On 16 September 2010, the Office of Communications (“Ofcom”) issued a consultation on how to assess whether charges for call termination on fixed networks are fair and reasonable. The guidance is intended to assist communication providers to set their call termination rates going forward.

When a customer of a fixed or a mobile provider calls a UK fixed geographic telephone number, the provider pays the operator which hosts the called number a wholesale call termination charge to complete the call.

In successive market reviews, Ofcom has found that the terminating communications provider has significant market power in relation to the termination of calls on its own network. This is logical as the network originating the call has no alternative but to pay the call termination charge if its customer wishes to make a call to that number.

As a consequence, all communications providers are required to provide call termination on fair and reasonable terms, conditions and charges (other than BT - KCOM in the Kingston-upon-Hull area - which are subject to set charge controls), but the issue of what is fair and reasonable has been the subject of a number of disputes. The proposed guidance should assist communications providers by giving an indication of how Ofcom intends to determine disputes in this area going forward.

In previous market reviews, including the 2009 review, Ofcom took the view that charges are unlikely to be fair and reasonable unless they are based on BT’s termination rates (given that BT’s costs are likely to be close to those of an efficient network).

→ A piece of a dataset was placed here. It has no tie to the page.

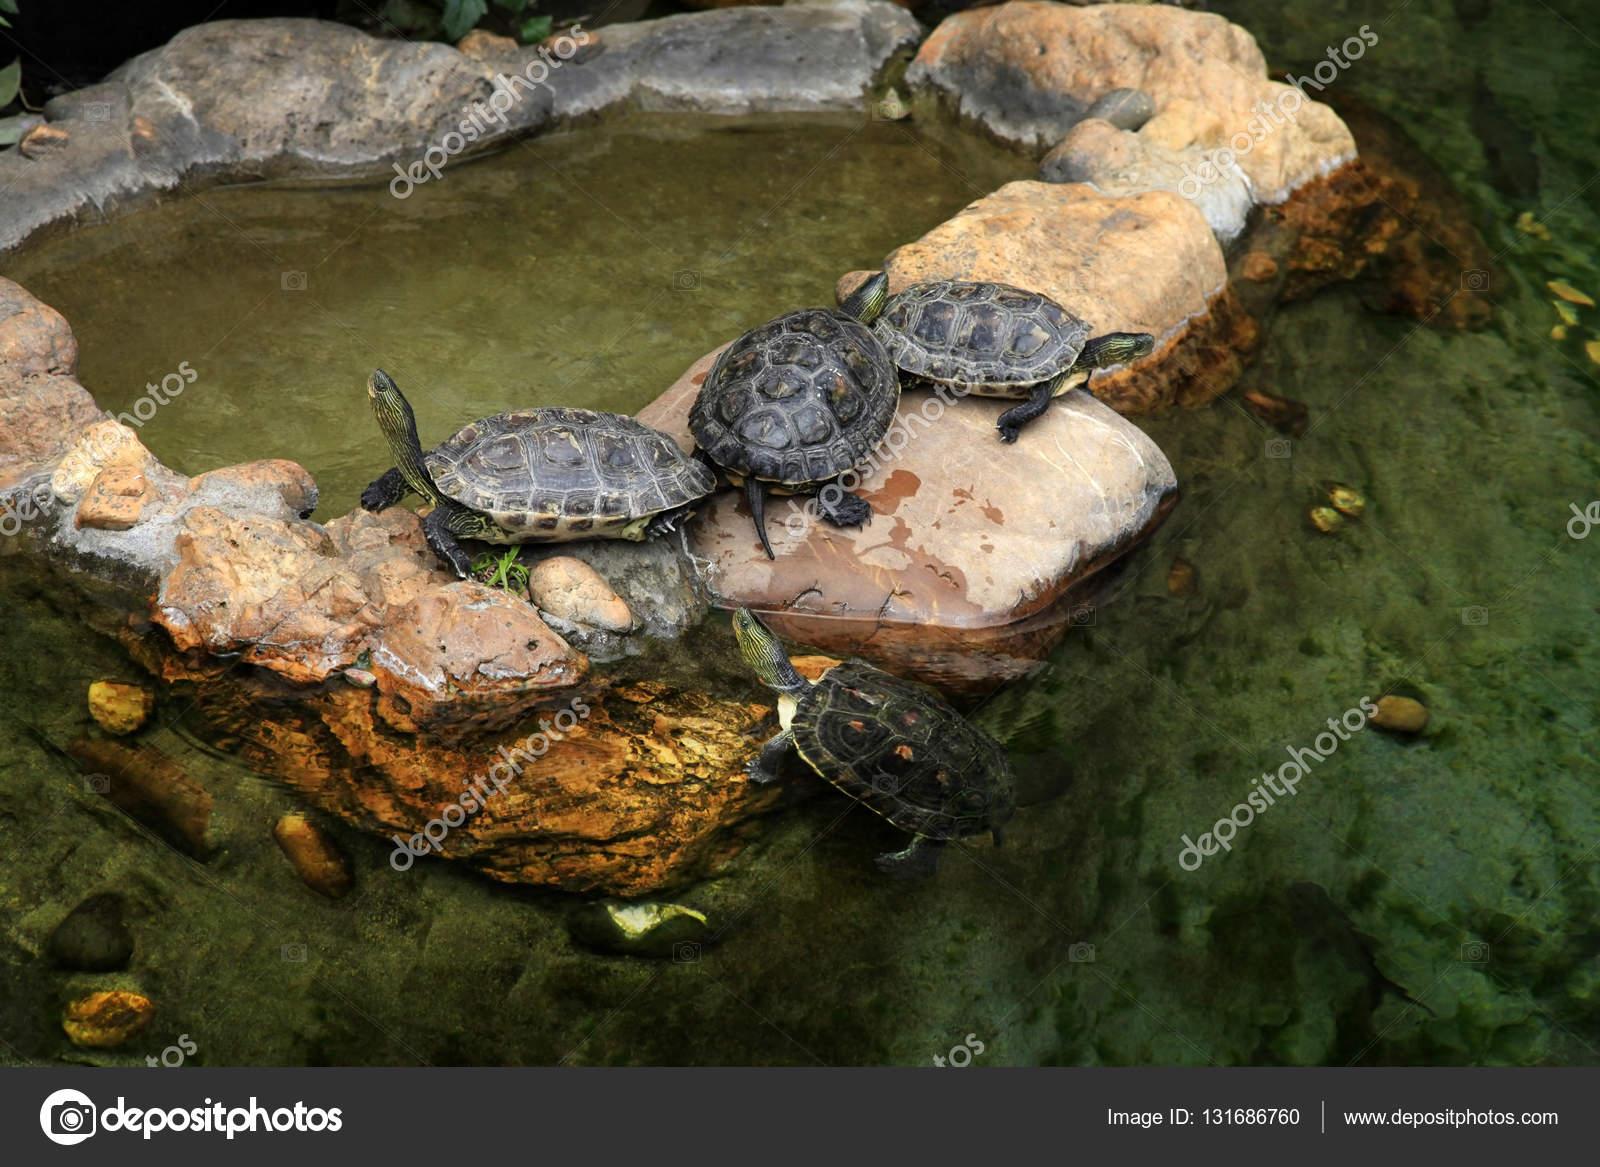 Tortugas de orejas rojas en el estanque foto de stock - Estanques para tortugas de agua ...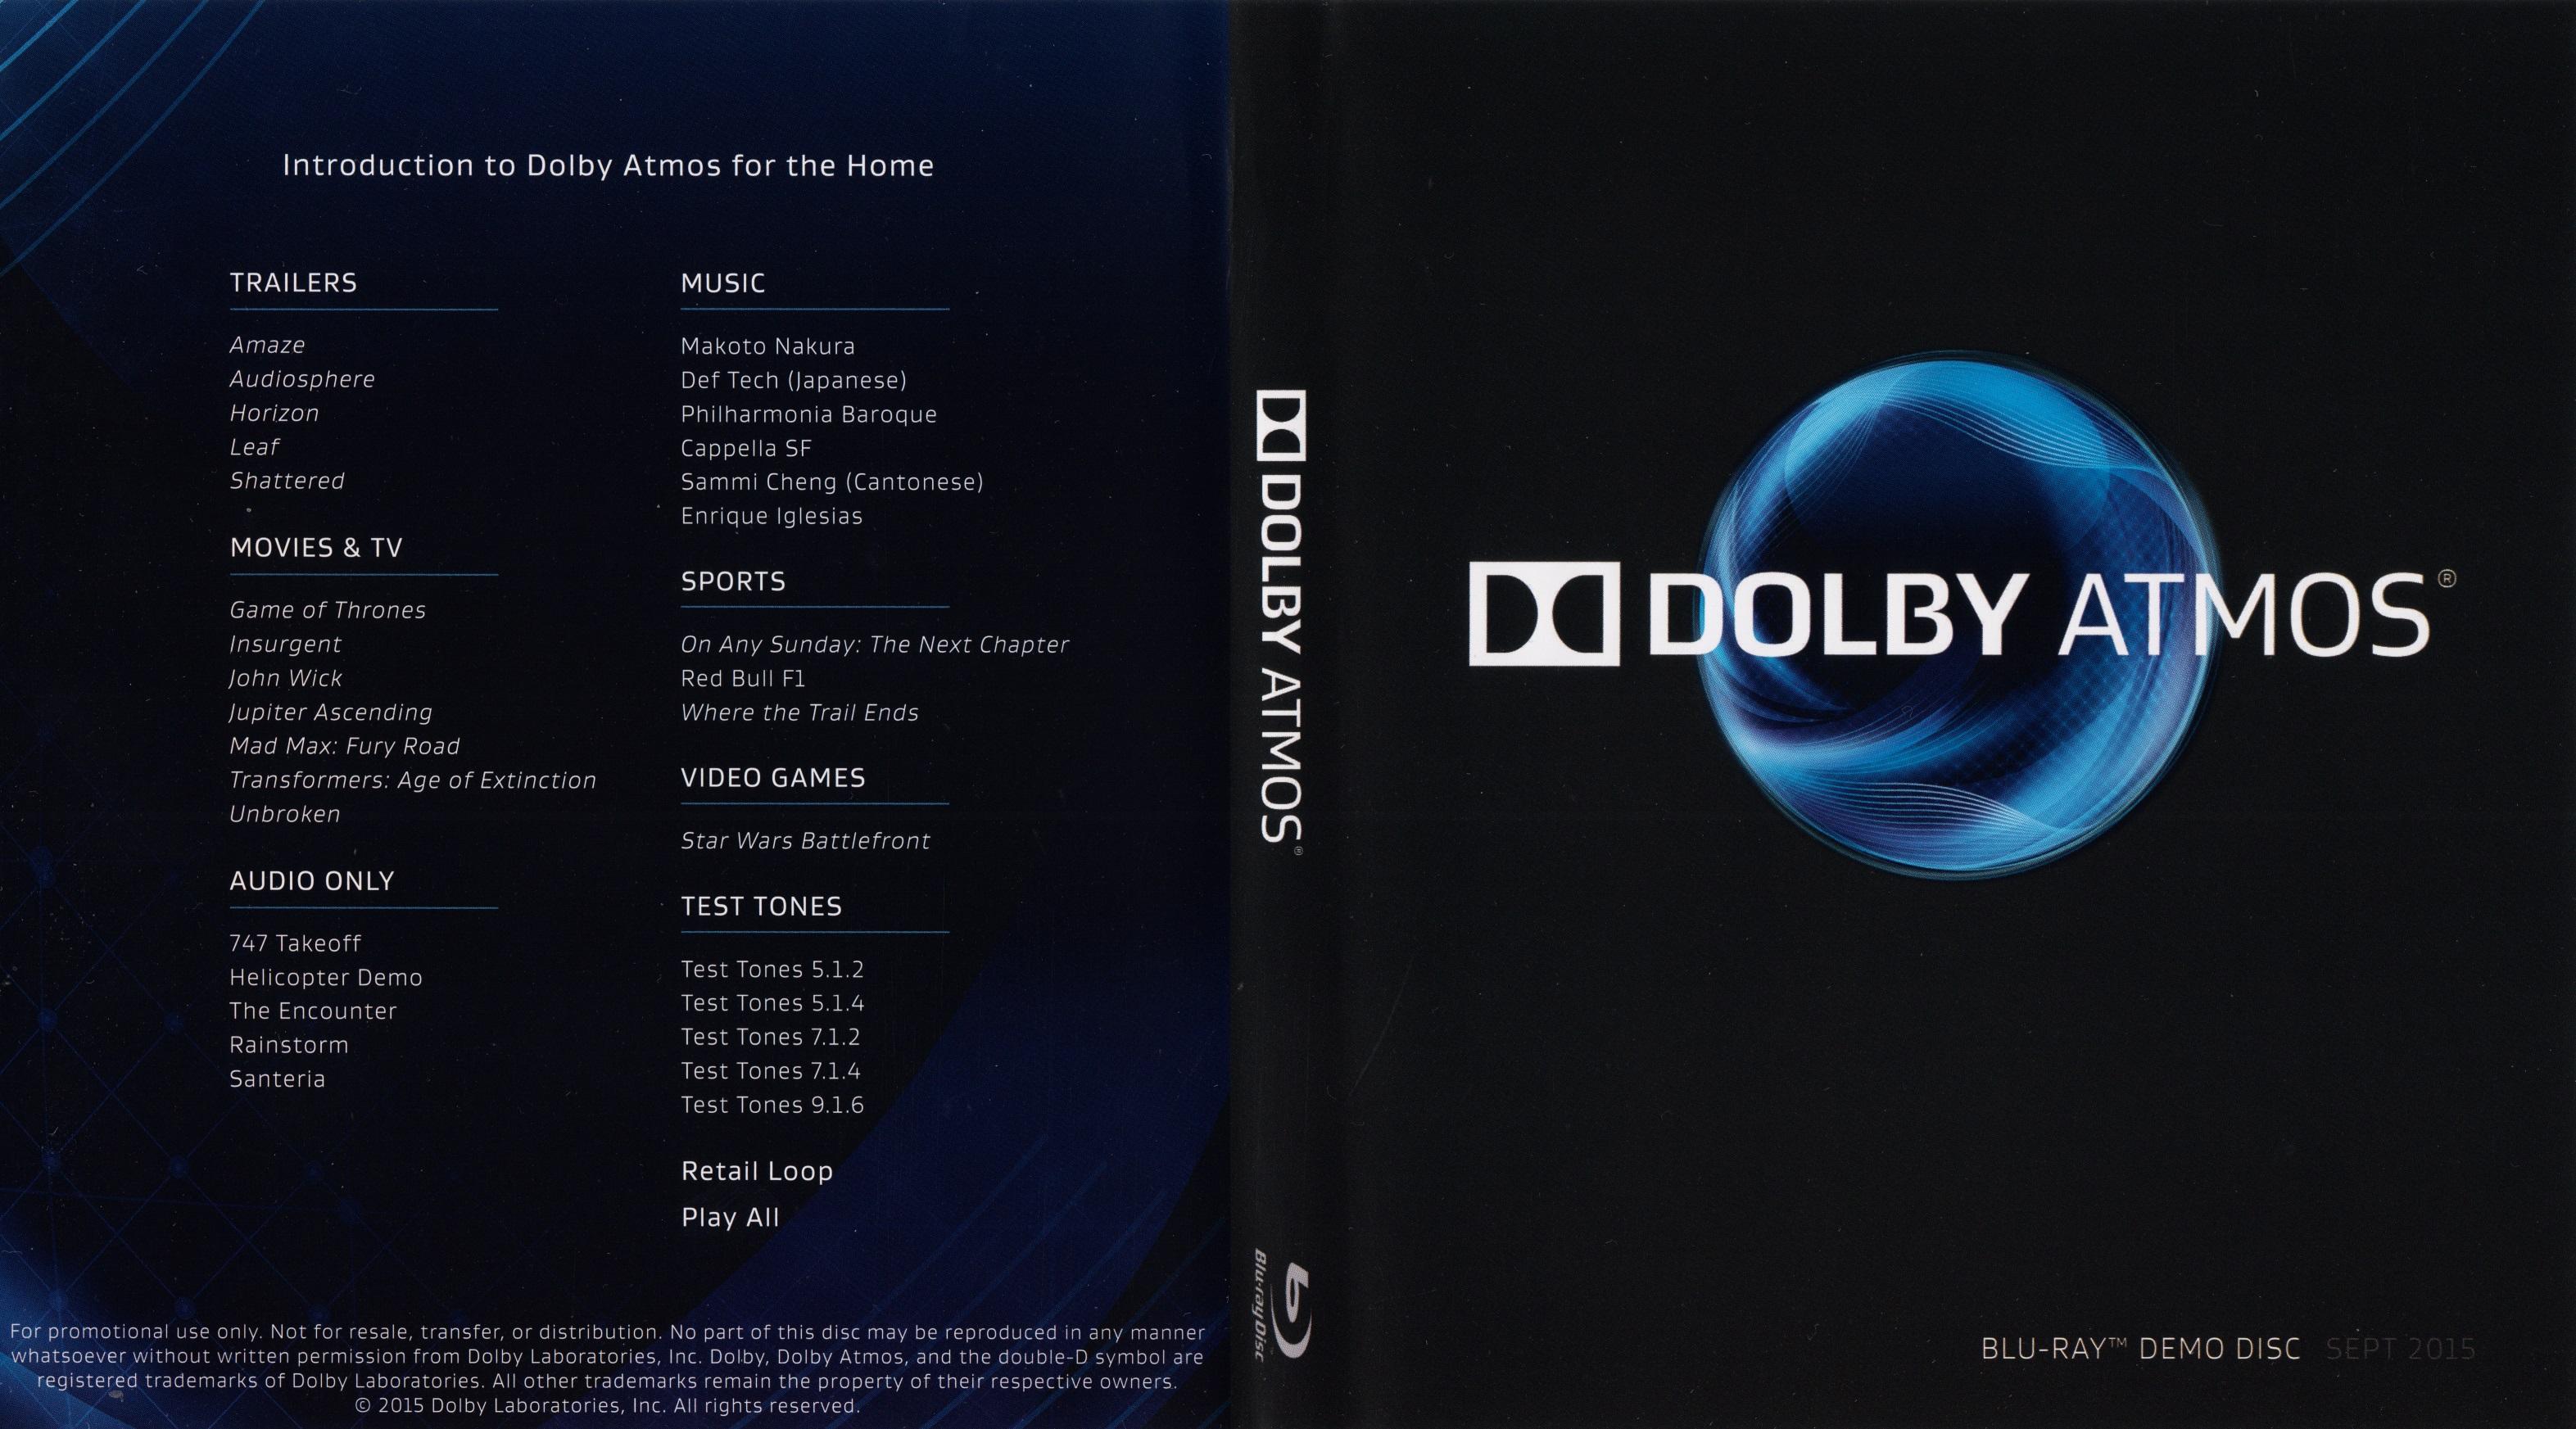 auro 3d demo disc vol 1

In the consultation document Ofcom has identified the following options:

  • Do nothing. Not issue any guidance and leave it up to the industry to conduct negotiations on termination rates based on what each communication provider consider fair and reasonable. Ofcom would adjudicate inevitable disputes arising from this option.
  • Option 1. Set individual termination charges for each communication provider, calculated on the basis that each communication provider receives a rate which is a mix of BT Local Exchange Segment (“LES”) and Single Tandem (“ST”) conveyance rates derived from how it routes outbound traffic to BT.
  • Option 2. Set the termination charges of all networks equal to each other based on an industry averaged blend of BT’s LES and ST rates. This would generally result in termination charges higher than BT’s, but the charges would be equal for all communication providers.
  • Option 3. Set all termination charges equal to BT’s current termination rate. This would mean that the rates for wholesale fixed geographic call termination on each individual network in the UK would be the same.

Ofcom has reviewed these options under six principles (cost causation, cost minimisation, effective competition, reciprocity, practicability and distribution of benefits) and has provisionally concluded that its preferred option is Option 3. Ofcom is of the view that Option 3 would create stronger incentives for communication providers to minimise costs and is likely to be the most favourable to consumers, in particular to those who call geographic numbers.

Therefore, Ofcom is proposing that going forward termination charges will be presumed to be fair and reasonable where they are the same as BT’s call termination rates. Ofcom’s provisional view is that there should be a simultaneous change for all communication providers to symmetric termination rates by 1 October 2012, giving communication providers an estimated 20 month period to adjust to the new regime.

Ofcom is seeking comments on its proposed draft guidance by 26 November 2010. The final guidance is expected to be published in early 2011.